Here I have a directory, x
, with two files.
# ls -l x
total 12
-rw-r--r-- 1 root root 3902 Jan 30 17:00 log1.txt
-rw-r--r-- 1 root root 7518 Jan 30 17:00 log.txt
Compress the files
# gzip -9v x/*
x/log1.txt: 90.6% -- replaced with x/log1.txt.gz
x/log.txt: 84.5% -- replaced with x/log.txt.gz
Confirm that compression has worked
# ls -l x
total 8
-rw-r--r-- 1 root root 392 Jan 30 17:00 log1.txt.gz
-rw-r--r-- 1 root root 1195 Jan 30 17:00 log.txt.gz
Put the files into a tar, x.tar
# tar cvf x.tar x
x/
x/log1.txt.gz
x/log.txt.gz
and check the resulting size. I got 10240
as well.
# ls -l x.tar
-rw-r--r-- 1 root root 10240 Jan 31 09:02 x.tar
The reason is quite simple - the tar format works in fixed block sizes, so there will be a lot of padding will NULL bytes. See here for the gory details. For small file sizes like this these padding bytes will dominate. If you look at a hex dump of this tar file it contains mostly NULL padding bytes.

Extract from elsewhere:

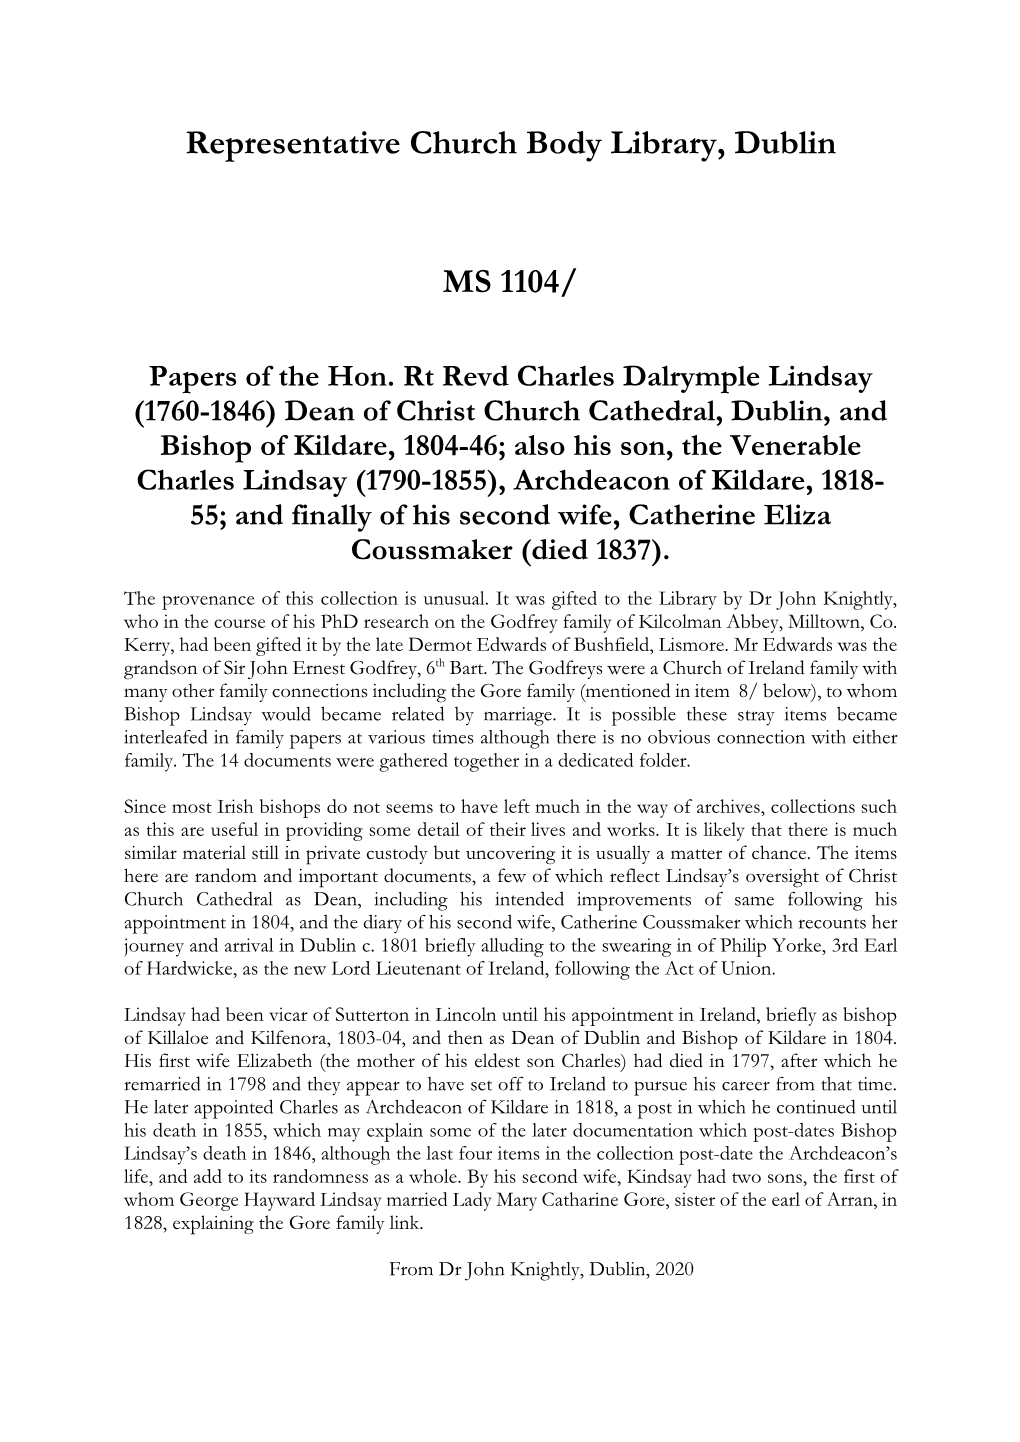 Representative Church Body Library, Dublin MS 1104

This is why it is better to put the uncompressed version of the files into the tar, then compress that.
Here is an example.
Put the uncompressed files into x.tar
# ls -l x
total 12
-rw-r--r-- 1 root root 3902 Jan 30 17:00 log1.txt
-rw-r--r-- 1 root root 7518 Jan 30 17:00 log.txt
# tar cvf x.tar x
x/
x/log1.txt
x/log.txt
# ls -l x.tar
-rw-r--r-- 1 root root 20480 Jan 31 09:06 x.tar
Now compress the tar file. 1761
bytes is a lot better.
# gzip -9v x.tar
x.tar: 91.7% -- replaced with x.tar.gz
# ls -l x.tar.gz
-rw-r--r-- 1 root root 1761 Jan 31 09:06 x.tar.gz
Upvotes: 2
Reputation: 690
It seems you generate tar file for both original and compressed files. To make it sure, you can list the tar file contents.
tar -tf dir.tar.gz
Simply you can tar + gzip directory as bellow:
tar -zcvf dir.tar.gz dir/
Hope this helps.
Upvotes: 0